For fire and security telegraphs, closed-circuit operation is used in most cases brought into use for the purpose of increasing reliability. One If the line is interrupted, it will immediately report itself automatically. But there can be more a line break, other errors occur, which are therefore more dangerous, because they do not report themselves' and you do not find out earlier in the Central Station, than until it's too late, respectively. a message has not arrived; it is then a sideline or earth fault in the line. For this reason, some circuits have been specified, which are partly with two separate wire loops, partly remedy this inconvenience with a simple wire loop. In order not to have to lose the advantage of the automatic display of line interruptions, The closed-circuit operation was also considered here. But these circuits had nor the deficiency that if reports came in from two bodies at the same time, they were mutually exclusive interfered with each other, but then also that the battery consumption was quite considerable maintenance costs required.

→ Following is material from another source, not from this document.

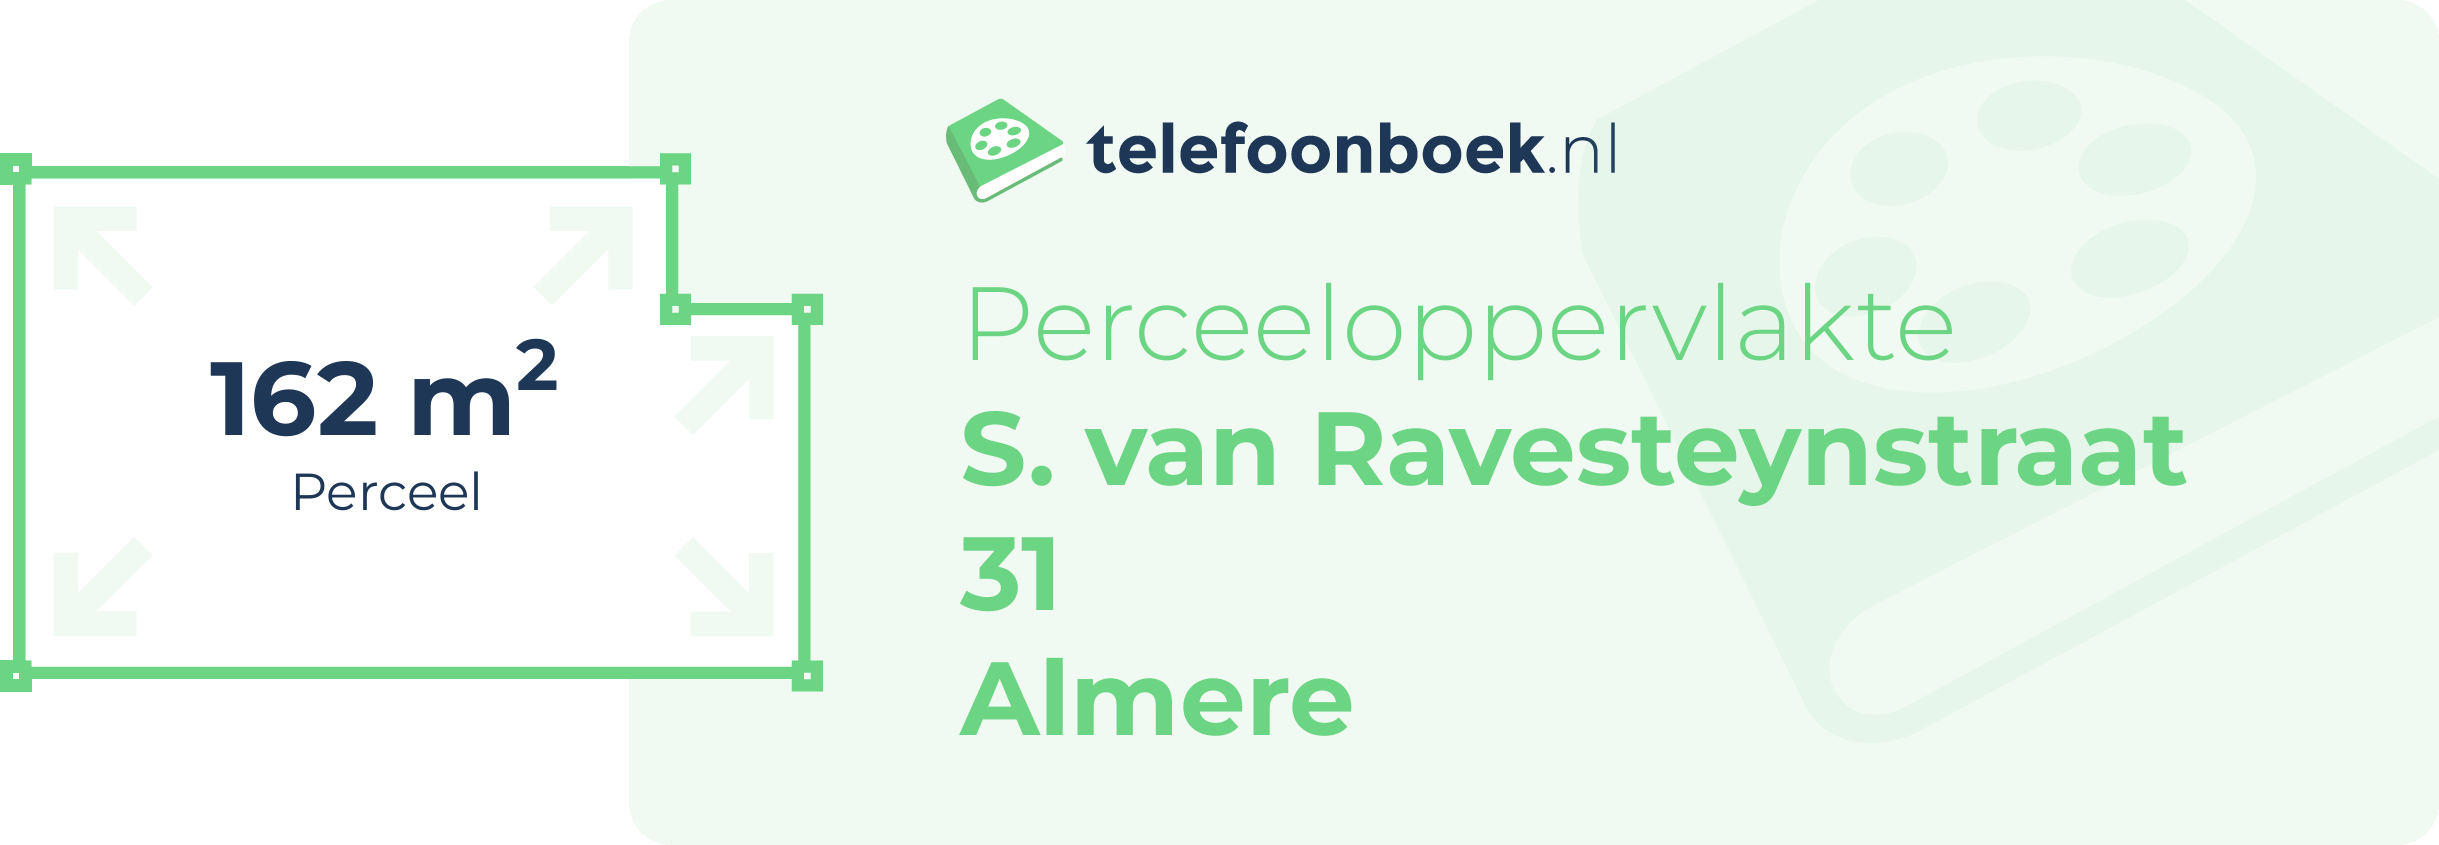 Perceeloppervlakte S. Van Ravesteynstraat 31 Almere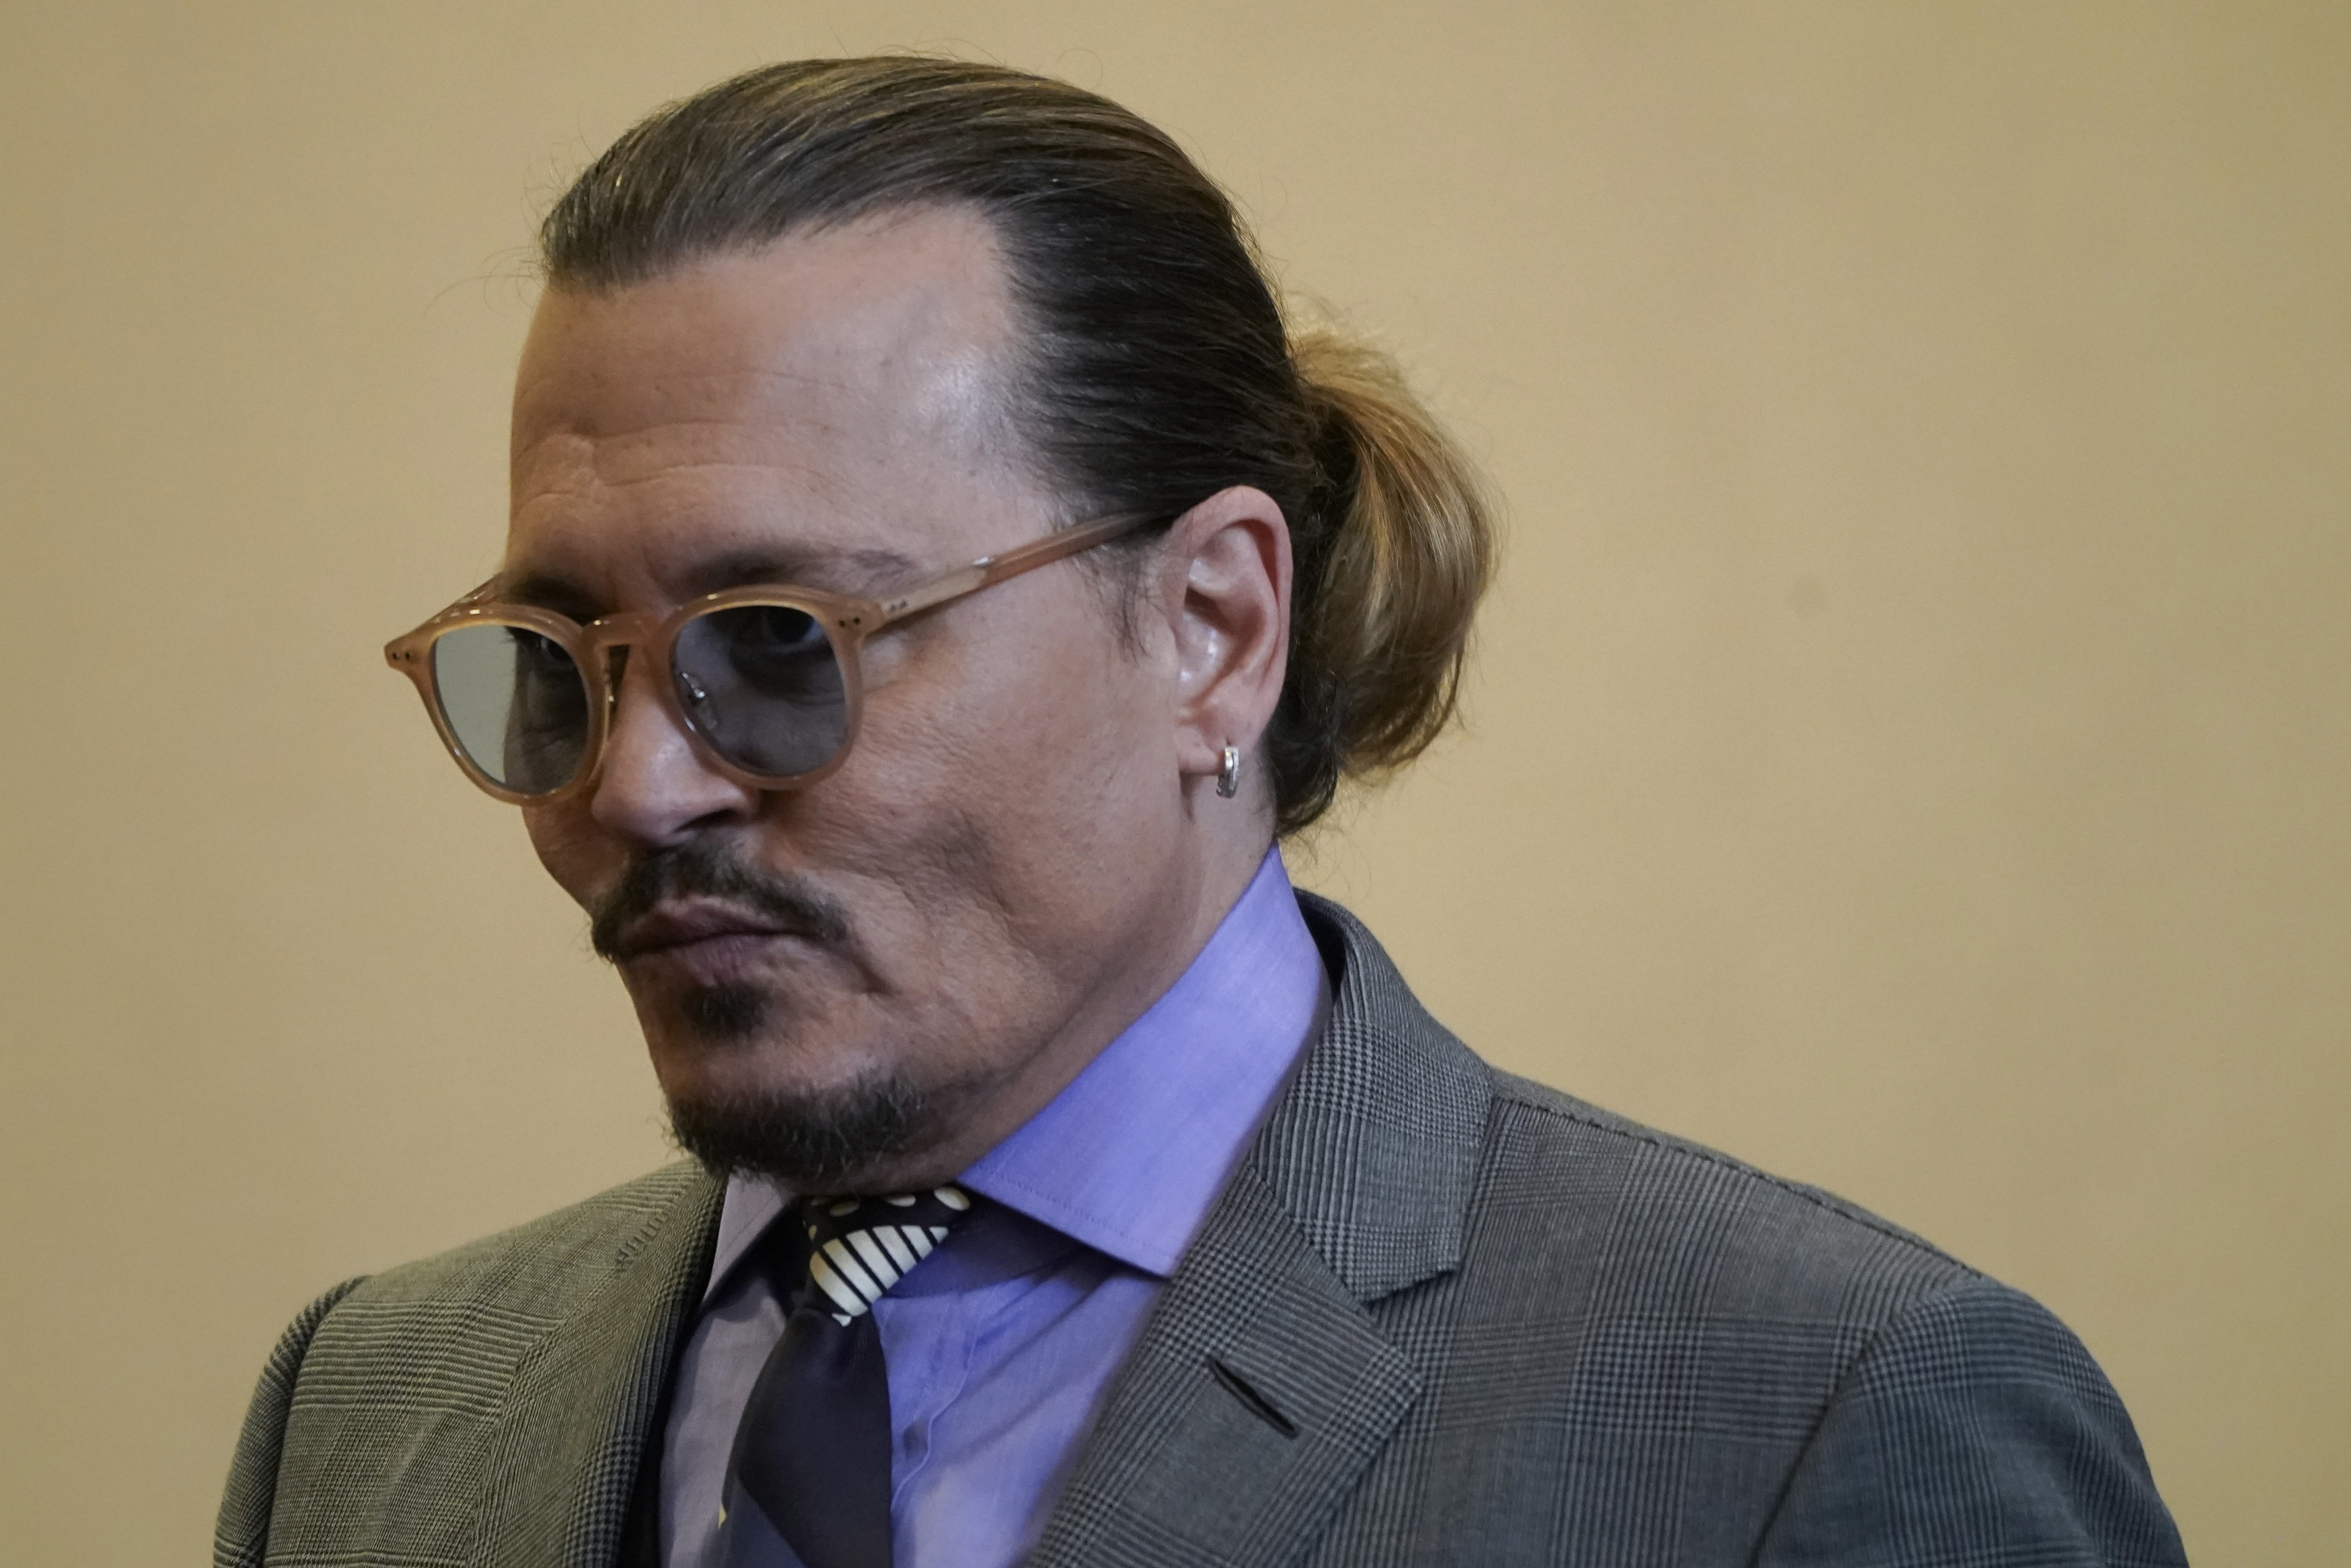 Johnny Depp tem uma nova namorada: sua advogada Joelle Rich

On the accompanying drawing, a circuit is now shown, by means of which this makes it possible messages from two different points in a loop line at the same time to receive.

In Fig. Ι the line was assumed to belong to a fire telegraph system, but it can of course be used for any other system.

Fig. 2 shows one of the automatic signaling apparatus (Fire alarm apparatus) in the idle state, which is switched on in the loop line, Fig. 1 and whose purpose is to automatically convey a telegraphic message to a central station.

In the central station there are two writing apparatus (Morse apparatus) 5 ¹ S ² , Fig. 1, also a galvanoscope G, a bell, a switch P, a magnetic inductor J, a lightning rod and two batteries B ¹ B ² . The magnetic inductor J can be switched on by switching the switch P from 6 to 5 in the branch L ¹ and by switching the switch P from 2 to 3 in the branch JL ² . This happens when a bell signal (as a sign of understanding) is to be given after a report has been received by the signaling apparatus in question, which, as will be explained later, connects the line to earth when reporting.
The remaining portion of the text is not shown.